HtmlParser::getParse->parse->parseNeko

  private DocumentFragment parseNeko(InputSource input) throws Exception {
    DOMFragmentParser parser = new DOMFragmentParser();
    try {
      parser
          .setFeature(
              "http://cyberneko.org/html/features/scanner/allow-selfclosing-iframe",
              true);
      parser.setFeature("http://cyberneko.org/html/features/augmentations",
          true);
      parser.setProperty(
          "http://cyberneko.org/html/properties/default-encoding",
          defaultCharEncoding);
      parser
          .setFeature(
              "http://cyberneko.org/html/features/scanner/ignore-specified-charset",
              true);
      parser
          .setFeature(
              "http://cyberneko.org/html/features/balance-tags/ignore-outside-content",
              false);
      parser.setFeature(
          "http://cyberneko.org/html/features/balance-tags/document-fragment",
          true);
      parser.setFeature("http://cyberneko.org/html/features/report-errors",
          LOG.isTraceEnabled());
    } catch (SAXException e) {
    }

    HTMLDocumentImpl doc = new HTMLDocumentImpl();
    doc.setErrorChecking(false);
    DocumentFragment res = doc.createDocumentFragment();
    DocumentFragment frag = doc.createDocumentFragment();
    parser.parse(input, frag);
    res.appendChild(frag);

    while (true) {
      frag = doc.createDocumentFragment();
      parser.parse(input, frag);
      if (!frag.hasChildNodes())
        break;
      res.appendChild(frag);
    }
    return res;
  }

NekoHTML会扫描解析html文件并作适当的修正,例如当缺少META标签时会添加等等。
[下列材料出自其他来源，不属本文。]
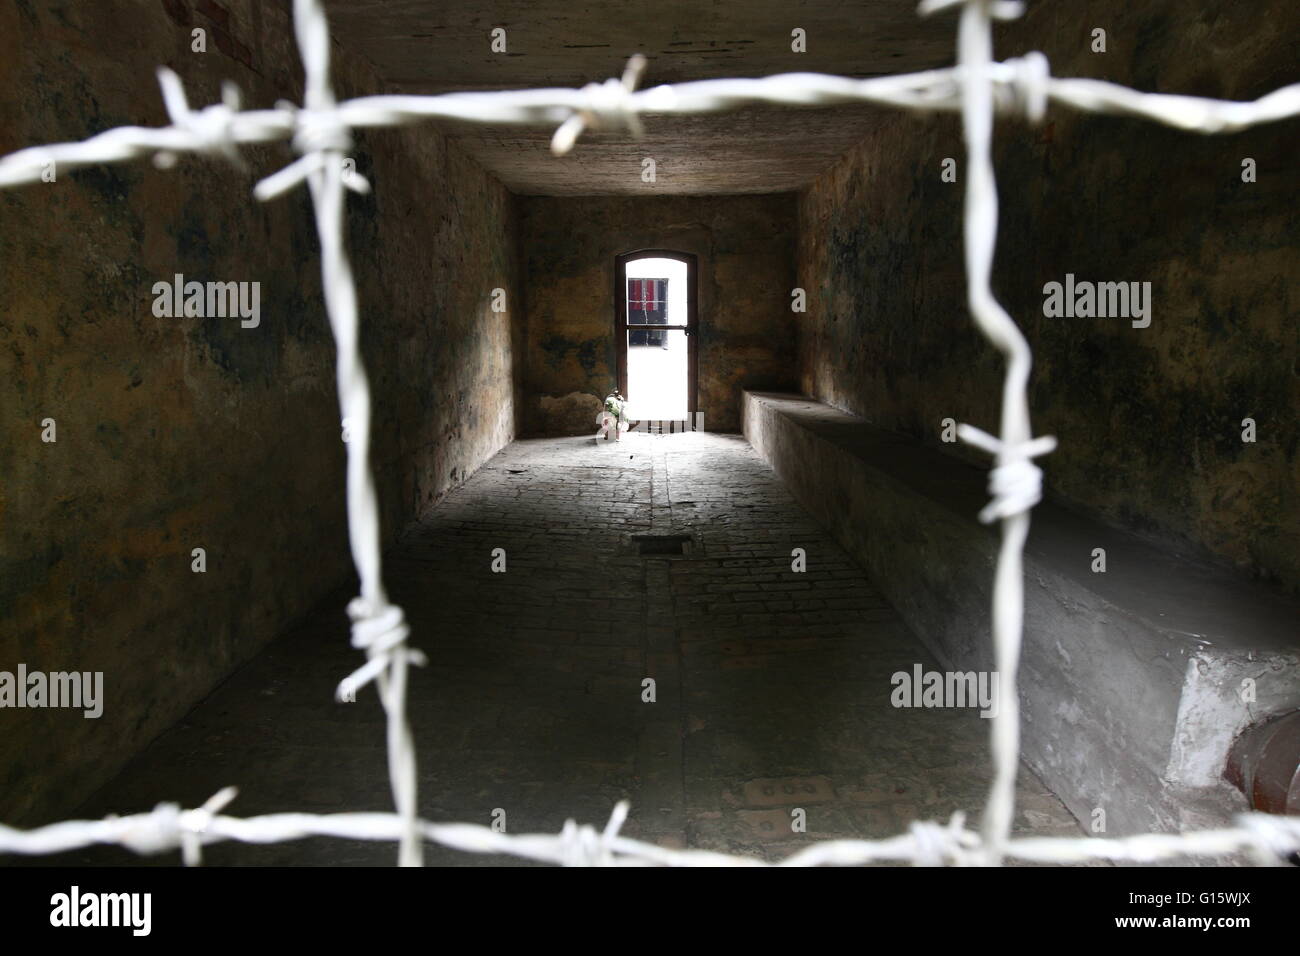 Sztutowo, Poland 9th, May 2016 People attend the 71st anniversary of the liberation of the Nazi German concentration camp, KL Stutthof in Sztutowo. The day commemorates the Soviet Army's liberation of  the Nazi concentration camp, Stutthof. Gas chamber is seen. Credit:  Michal Fludra/Alamy Live News Stock Photo

具体如何处理该html文件由DOMFragmentParser的setFeature和setFeature界定,最后调用DOMFragmentParser的parse函数解析文档(input)生成的DocumentFragment代表文档的某一部分,然后将其添加到根DocumentFragment中并返回。

HtmlParser::getParse->getMetaTags

  public static final void getMetaTags(HTMLMetaTags metaTags, Node node,
      URL currURL) {

    metaTags.reset();
    getMetaTagsHelper(metaTags, node, currURL);
  }

  private static final void getMetaTagsHelper(HTMLMetaTags metaTags, Node node,
    URL currURL) {

    if (node.getNodeType() == Node.ELEMENT_NODE) {

      if ("body".equalsIgnoreCase(node.getNodeName())) {
        return;
      }

      if ("meta".equalsIgnoreCase(node.getNodeName())) {
        NamedNodeMap attrs = node.getAttributes();
        Node nameNode = null;
        Node equivNode = null;
        Node contentNode = null;
        for (int i = 0; i < attrs.getLength(); i++) {
          Node attr = attrs.item(i);
          String attrName = attr.getNodeName().toLowerCase();
          if (attrName.equals("name")) {
            nameNode = attr;
          } else if (attrName.equals("http-equiv")) {
            equivNode = attr;
          } else if (attrName.equals("content")) {
            contentNode = attr;
          }
        }

        ...

      } else if ("base".equalsIgnoreCase(node.getNodeName())) {

        ...

      }
    }

    NodeList children = node.getChildNodes();
    if (children != null) {
      int len = children.getLength();
      for (int i = 0; i < len; i++) {
        getMetaTagsHelper(metaTags, children.item(i), currURL);
      }
    }
  }

getMetaTagsHelper函数的整体思路就是嵌套遍历由NekoHTML解析出的各个节点,根据每个节点的信息对HTMLMetaTags进行相应的设置。
例如,如果是body节点就直接返回,如果是meta节点,则继续找到meta节点下的name节点、http-equiv节点、content节点,然后根据每个节点的信息设置HTMLMetaTags,省略掉的代码就是根据每个节点的值设置HTMLMetaTags,因为和主线代码没有大关系,所以不仔细看了。
getMetaTagsHelper函数的最后,获得某个节点下的所有子节点,并对其调用getMetaTagsHelper嵌套执行。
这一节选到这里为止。